• _TASK TO COMPLETE_
Extract word for word the lines of the listing from its start to the line holding "Illustration of the", both ends kept; pictures are not part of the copy.
====== DATASET SECTION ======
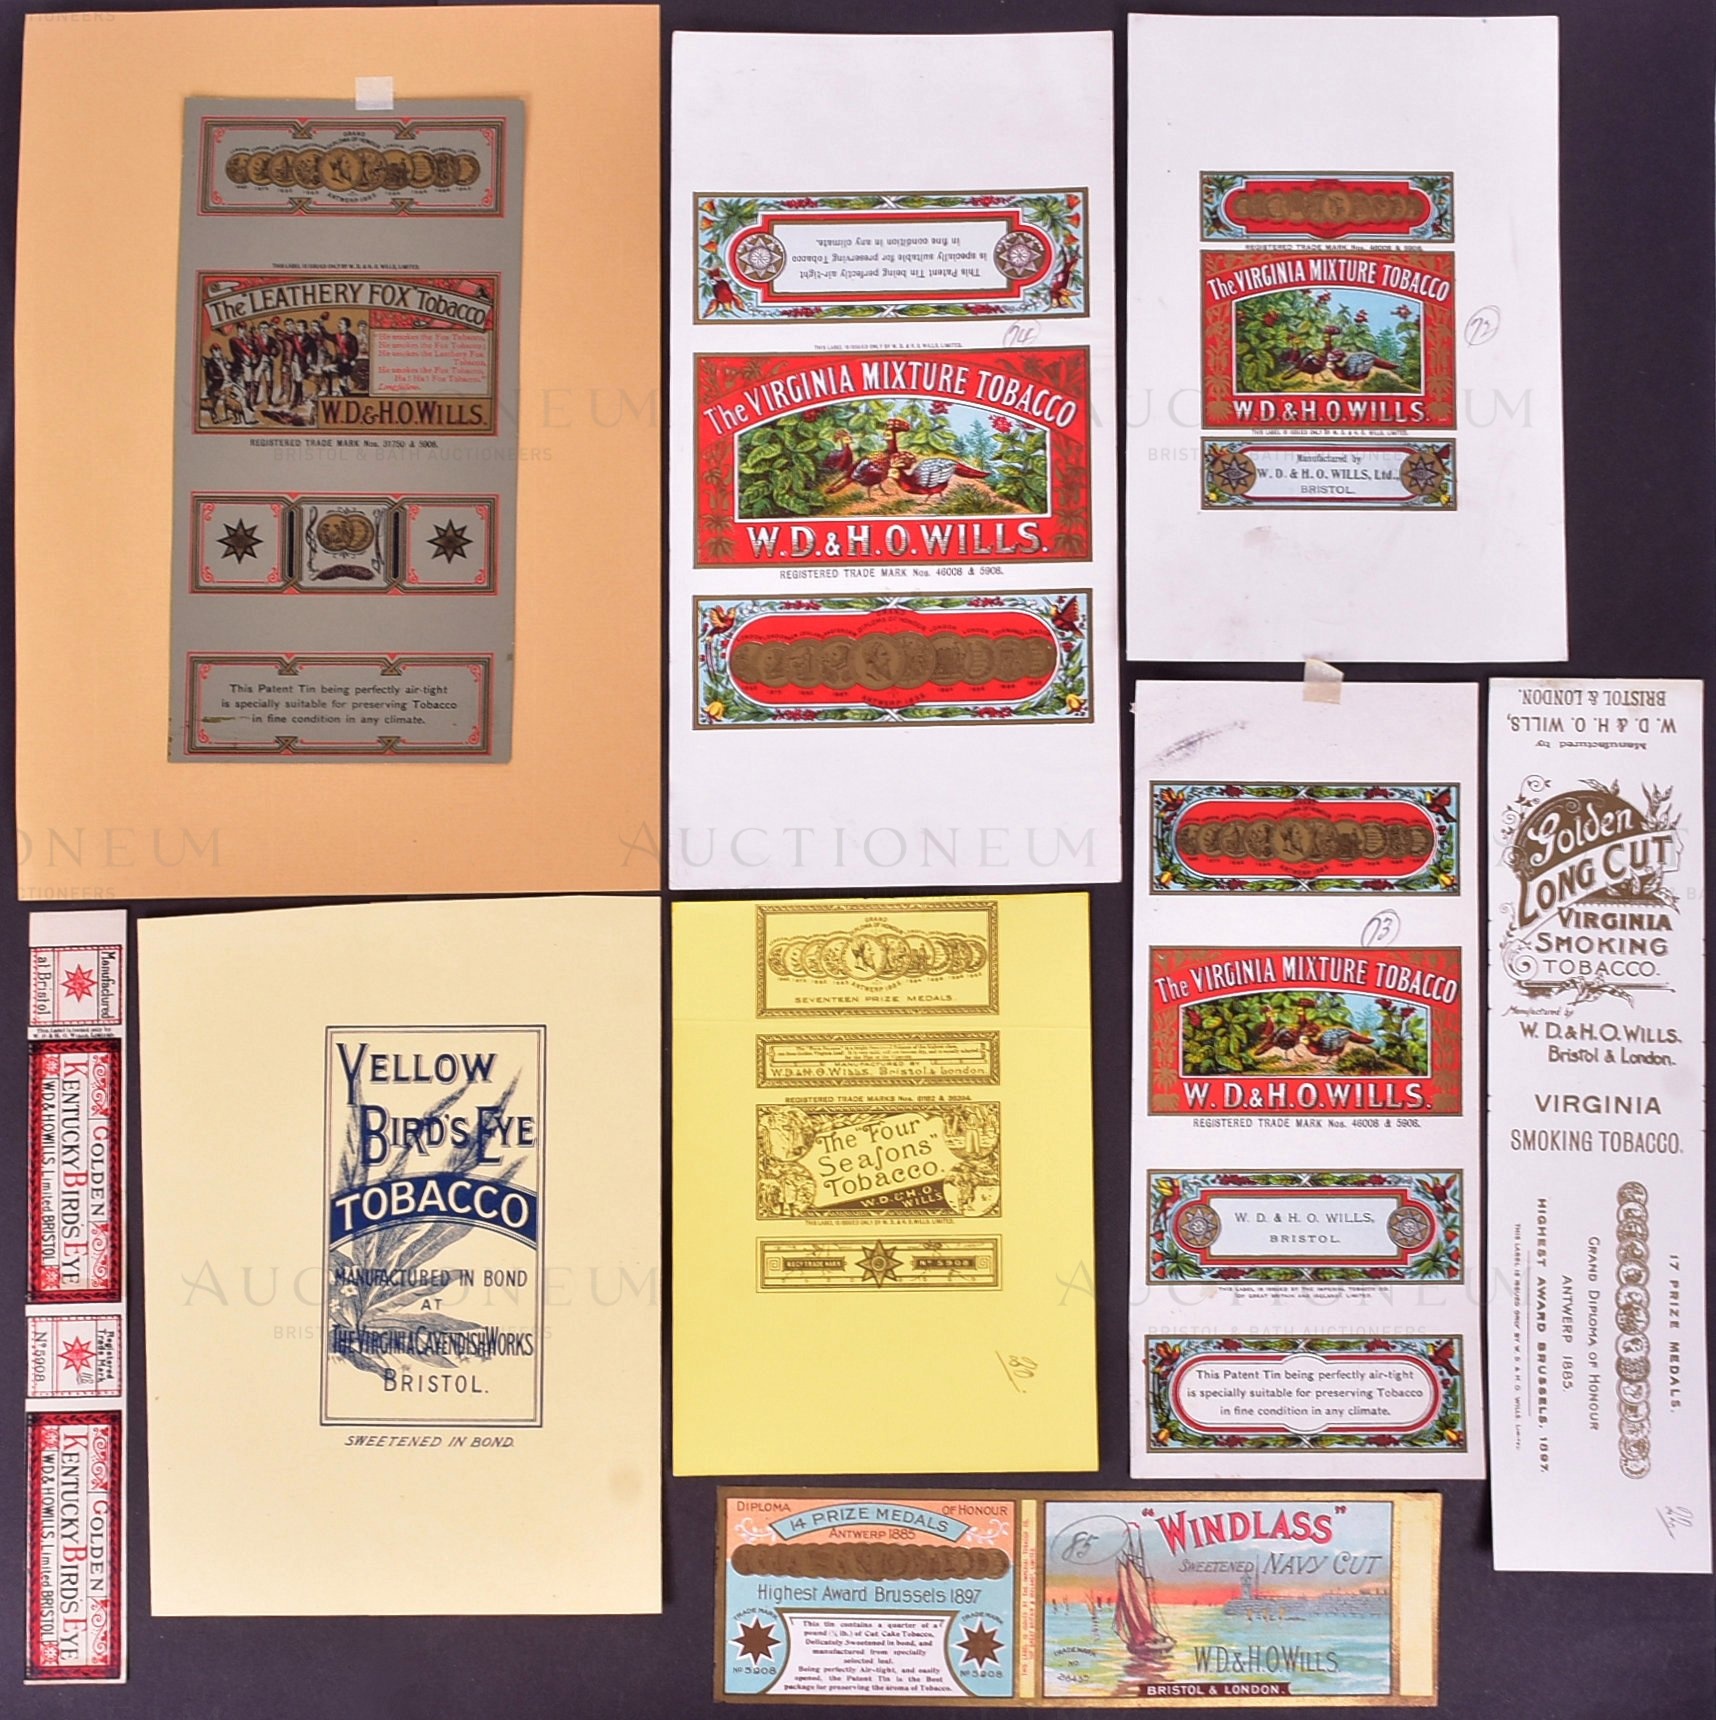 MARDON, SON & HALL - EARLY 20TH CENTURY CIGARETTE PACKET / LABEL DESIGNS
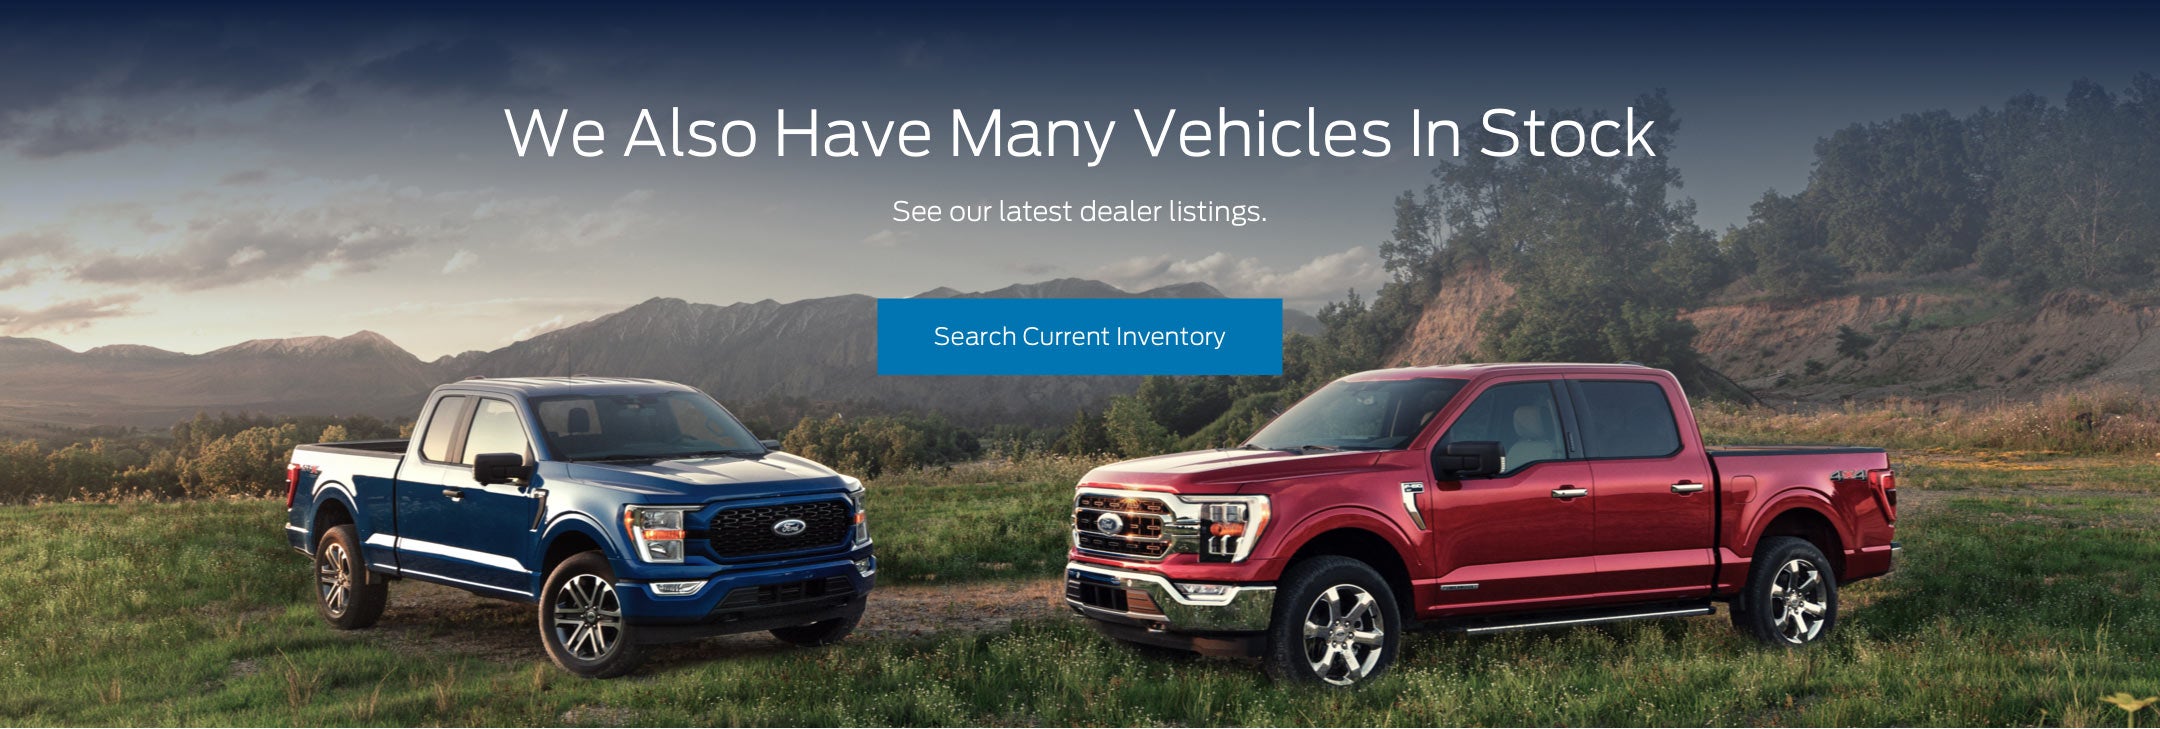 Ford vehicles in stock | Ed Morse Ford St. Robert in Saint Robert MO
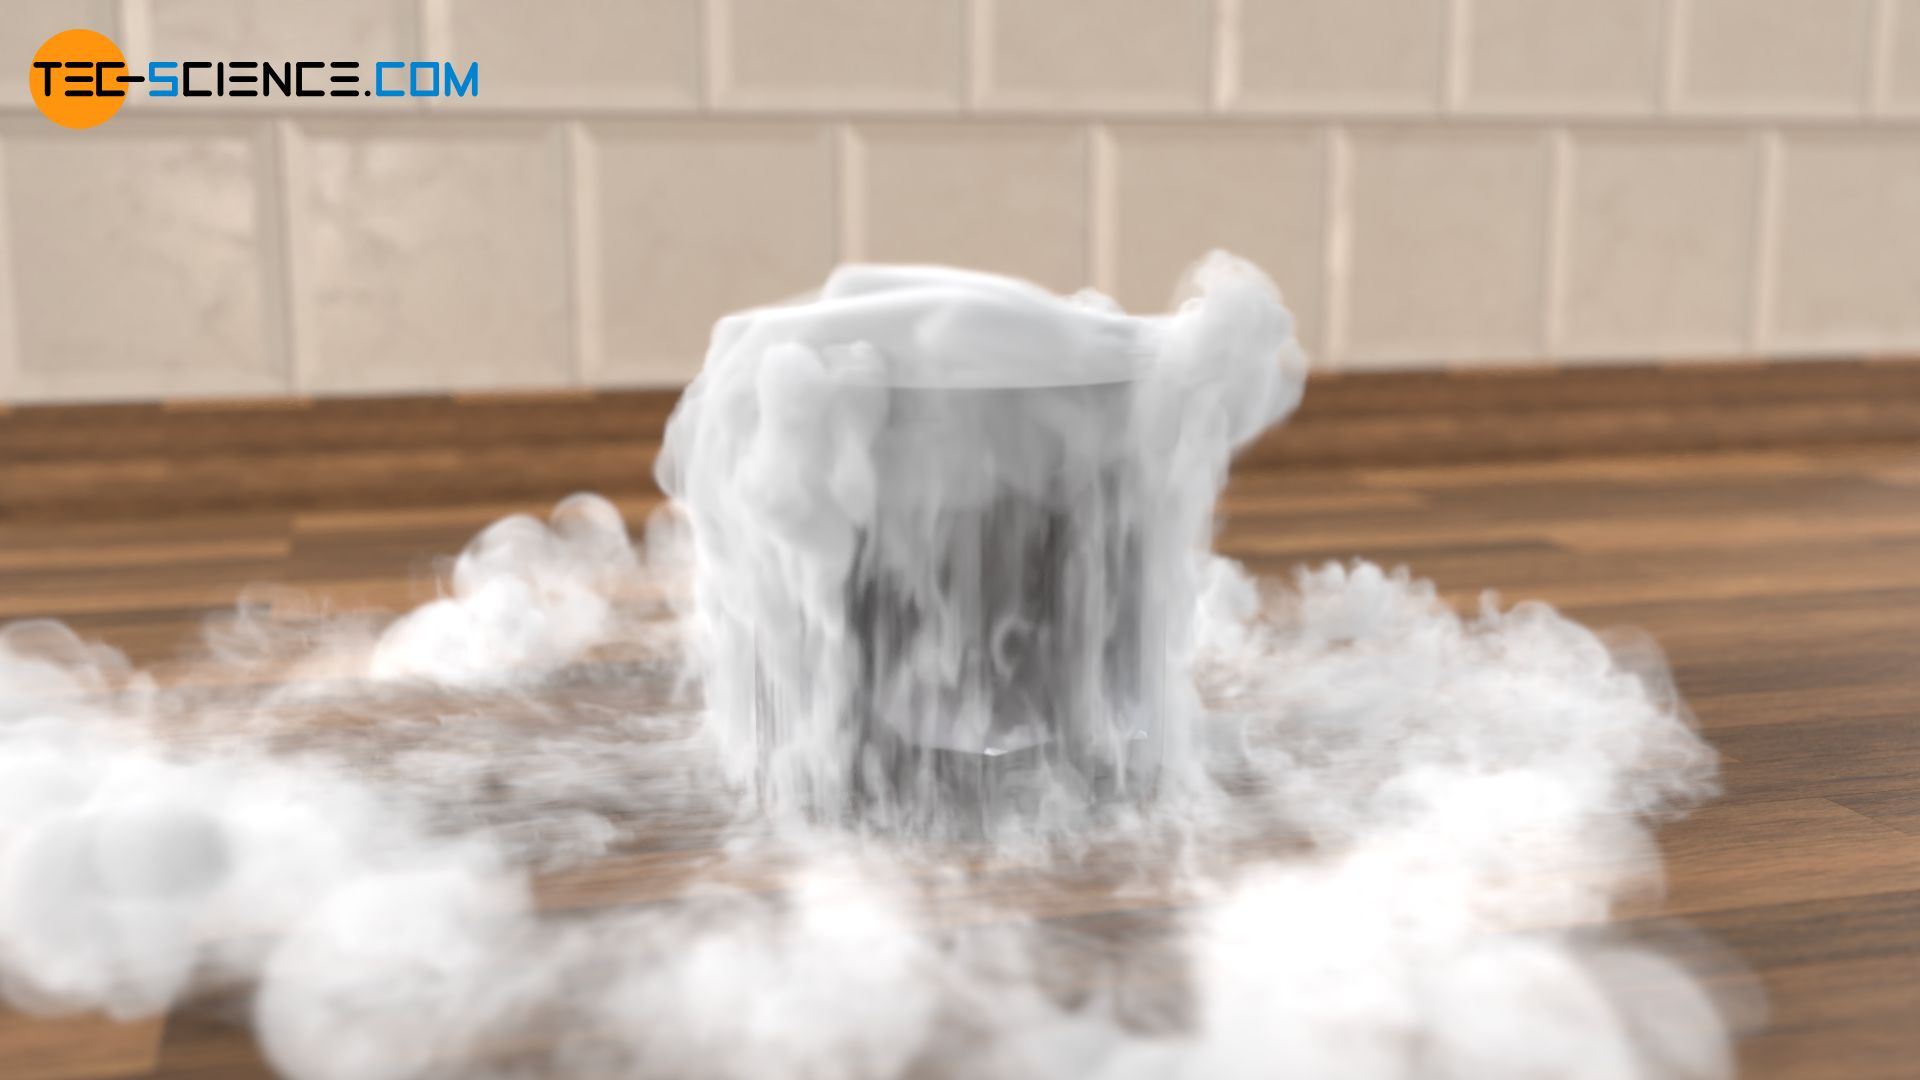 Illustration of the sublimation of dry ice (carbon dioxide CO2)
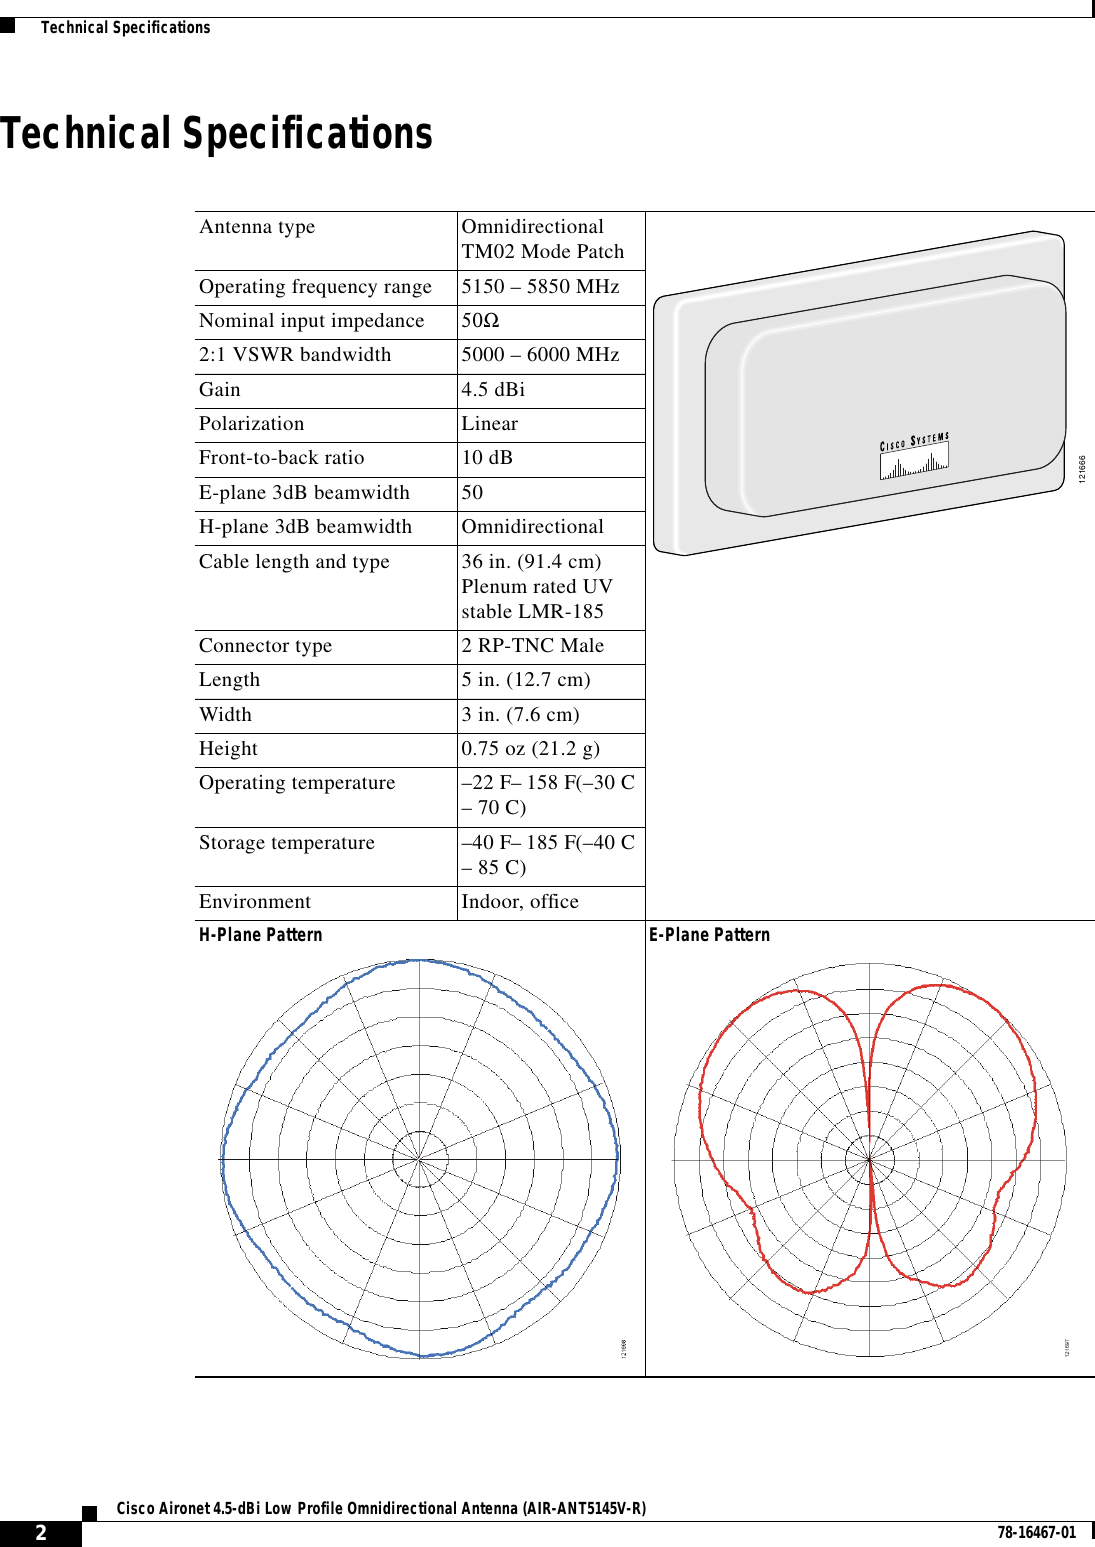 2Cisco Aironet 4.5-dBi Low Profile Omnidirectional Antenna (AIR-ANT5145V-R) 78-16467-01  Technical SpecificationsTechnical SpecificationsAntenna type OmnidirectionalTM02 Mode PatchOperating frequency range 5150 – 5850 MHzNominal input impedance 50Ω2:1 VSWR bandwidth 5000 – 6000 MHzGain 4.5 dBiPolarization LinearFront-to-back ratio 10 dBE-plane 3dB beamwidth 50H-plane 3dB beamwidth OmnidirectionalCable length and type 36 in. (91.4 cm)Plenum rated UVstable LMR-185Connector type 2 RP-TNC MaleLength 5 in. (12.7 cm)Width 3 in. (7.6 cm)Height 0.75 oz (21.2 g)Operating temperature –22 F– 158 F(–30 C– 70 C)Storage temperature –40 F– 185 F(–40 C– 85 C)Environment Indoor, officeH-Plane Pattern E-Plane Pattern121666
======
• _SOLUTION FOR THIS PROBLEM_
 MARDON, SON & HALL - EARLY 20TH CENTURY CIGARETTE PACKET / LABEL DESIGNS
 Ford vehicles in stock | Ed Morse Ford St. Robert in Saint Robert MO
 Illustration of the sublimation of dry ice (carbon dioxide CO2)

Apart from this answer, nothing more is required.